Records excerpted from a collection:
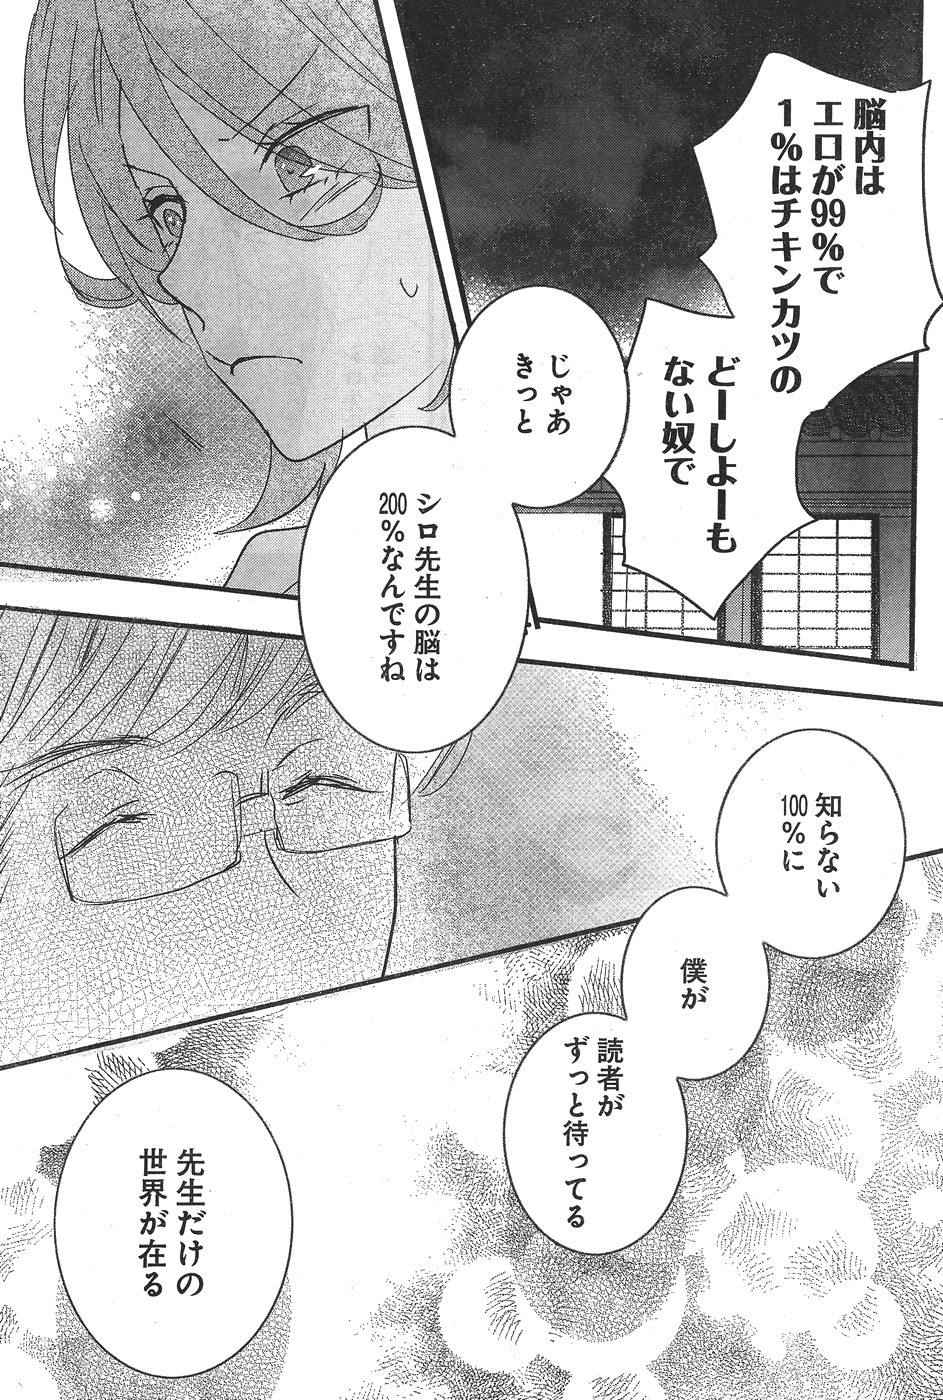 Bokura wa Minna Kawaisou - Chapter 83 - Page 20
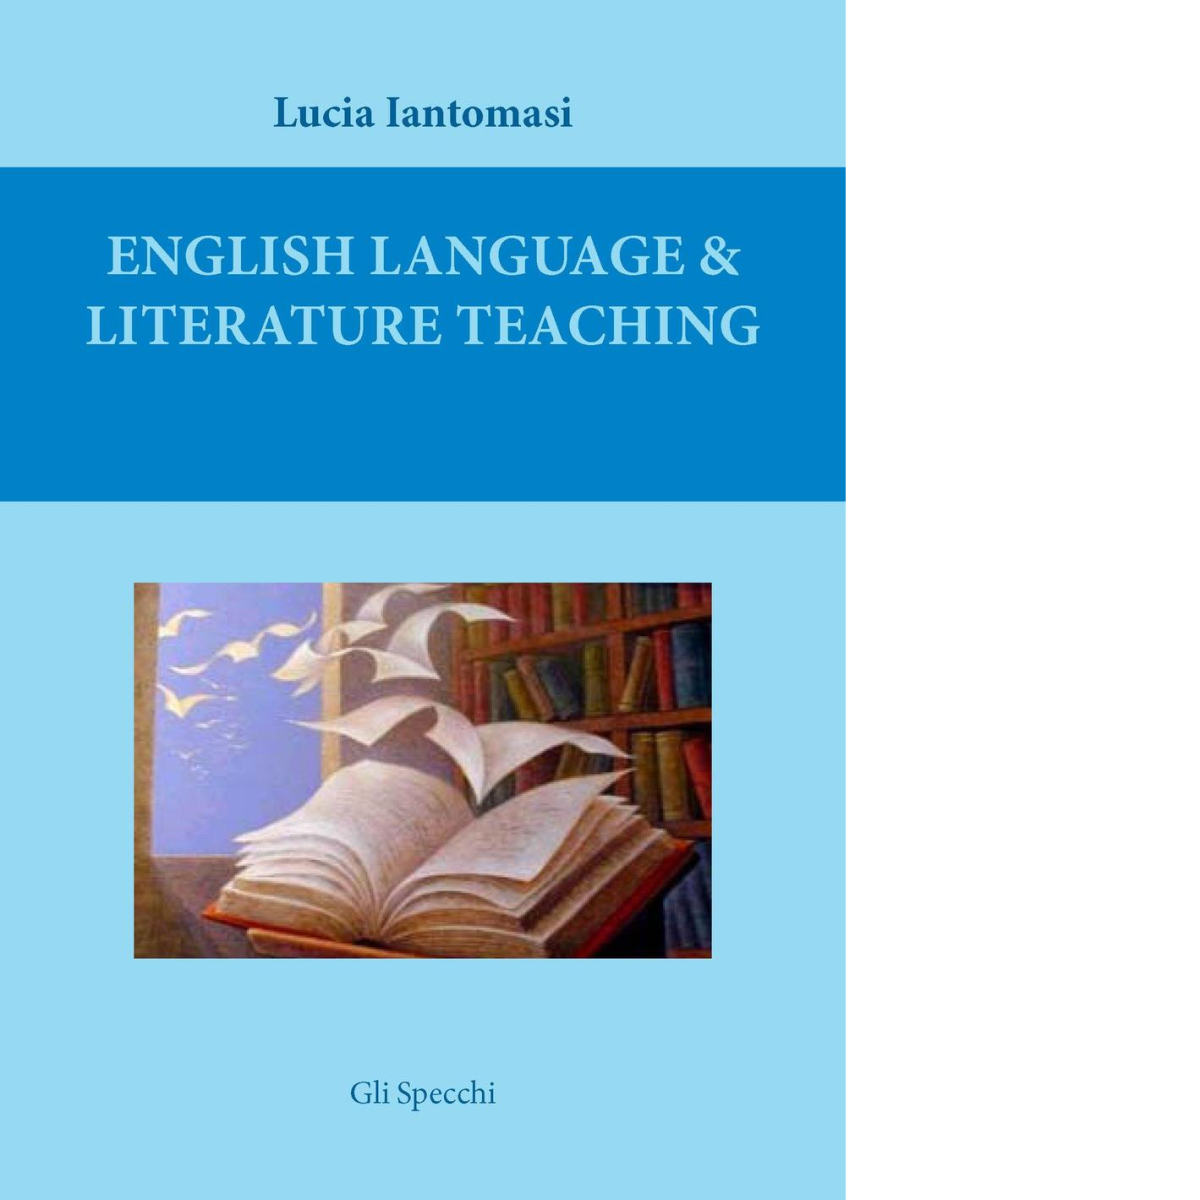 English language & literature teaching di Iantomasi Lucia - Del faro, 2016 libro usato
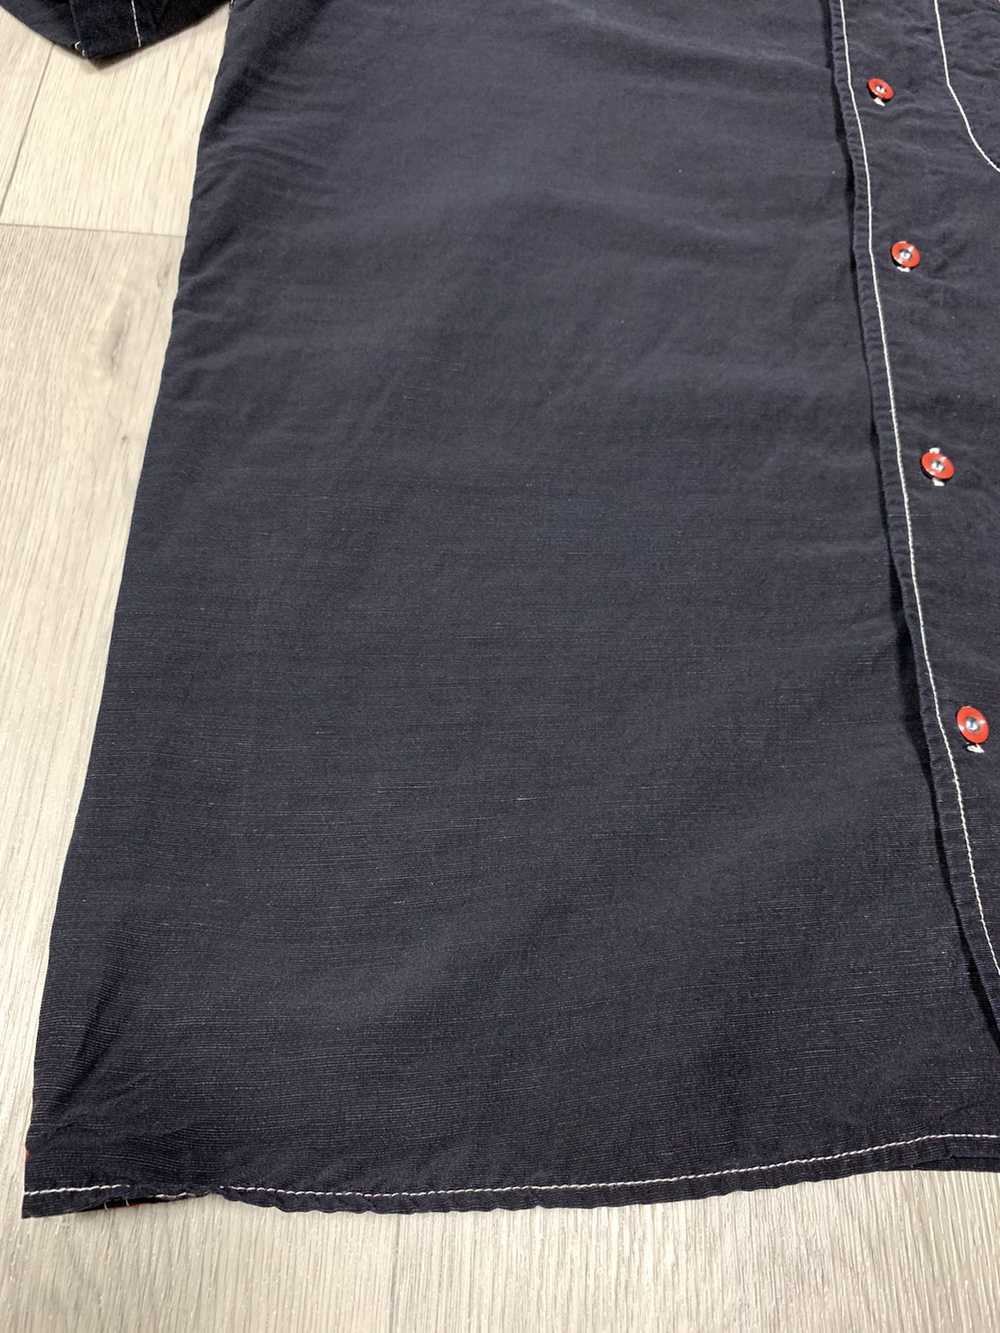 Armani × Italian Designers × Luxury Armani jeans … - image 4
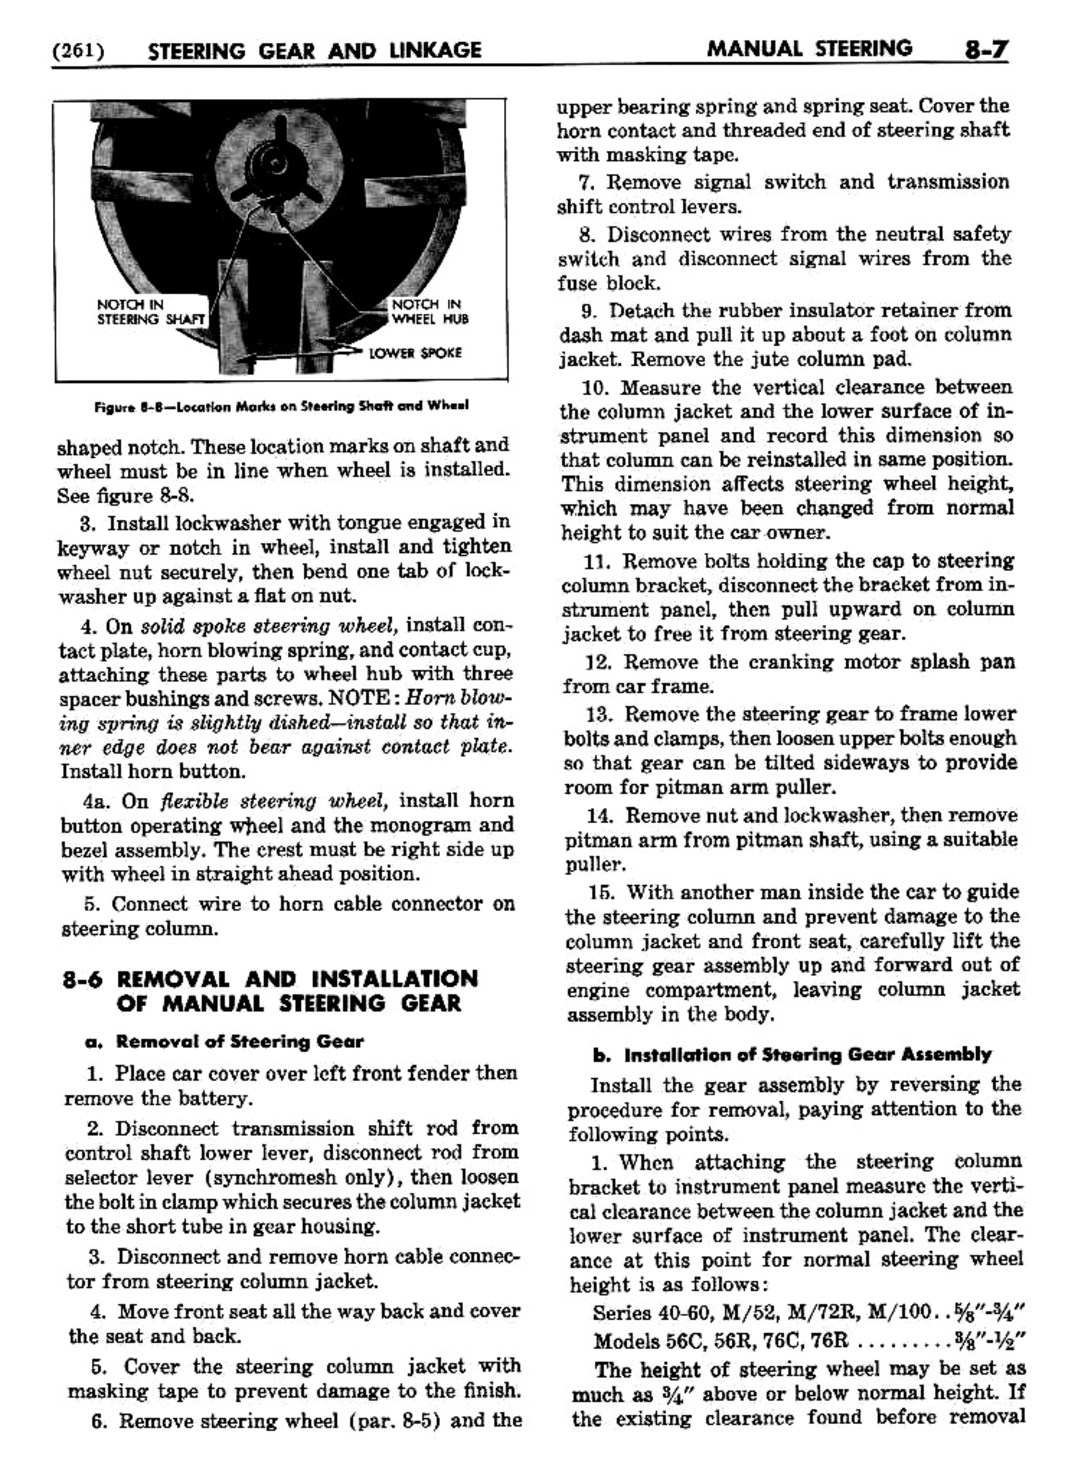 n_09 1954 Buick Shop Manual - Steering-007-007.jpg
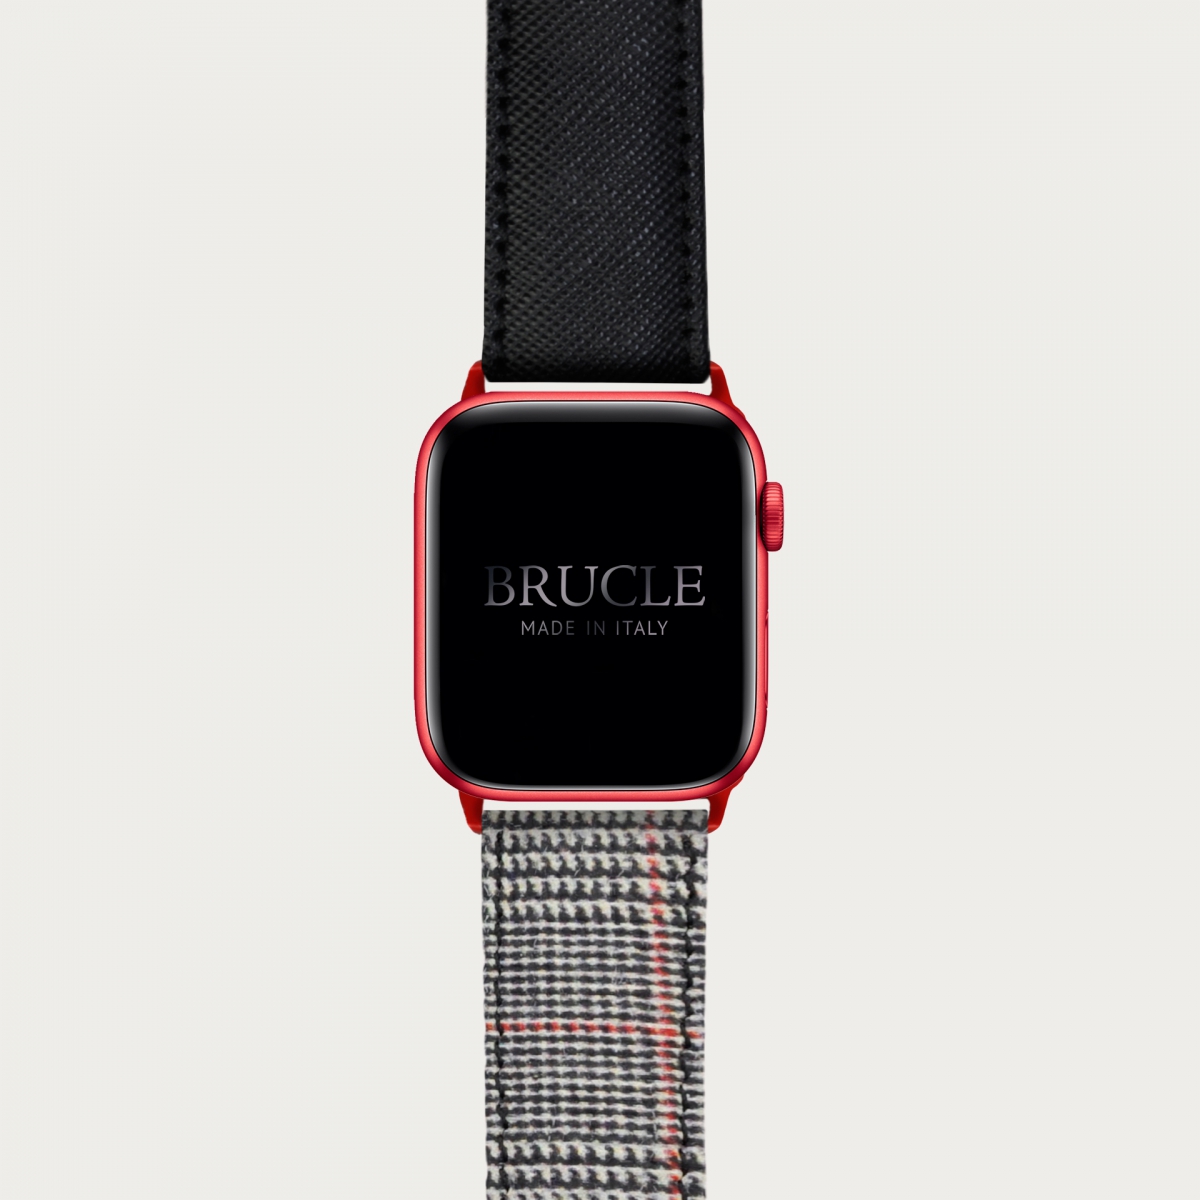 Bracelet en cuir pour montre, Apple Watch et Samsung smartwatch, imprimé Saffiano rouge et motif à chevrons
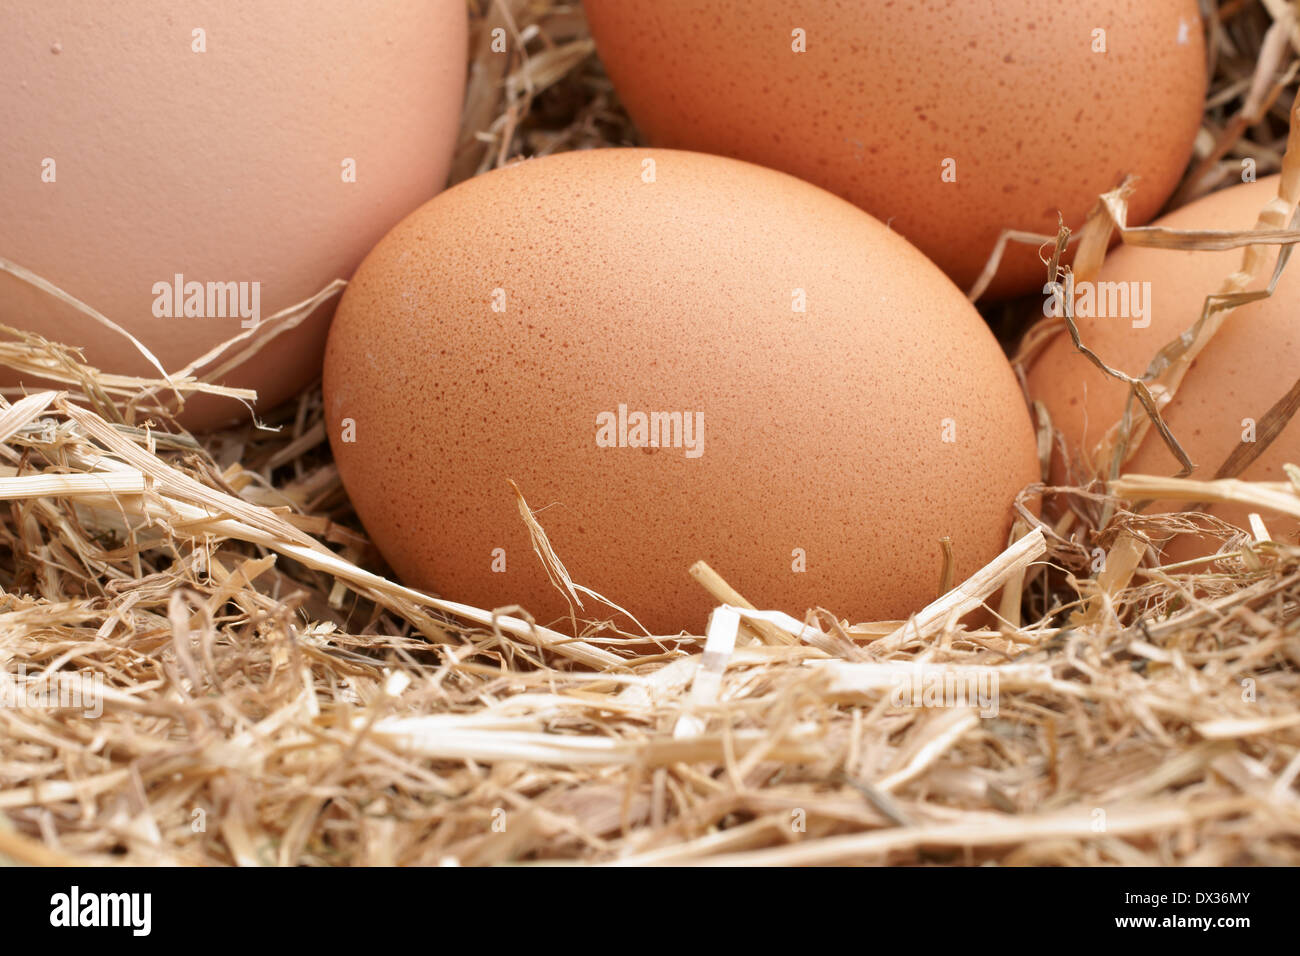 Frisch gelegt freilaufenden Hühner Eiern in einem Bett aus Stroh Stockfoto

Your task:
The first line of the entries, the line containing "n_09 1954 Buick", and every line between them are to be output exactly; pictures are not.

Exercise output:
 Bokura wa Minna Kawaisou - Chapter 83 - Page 20
 English language & literature teaching di Iantomasi Lucia - Del faro, 2016 libro usato
 Armani × Italian Designers × Luxury Armani jeans … - image 4
 n_09 1954 Buick Shop Manual - Steering-007-007.jpg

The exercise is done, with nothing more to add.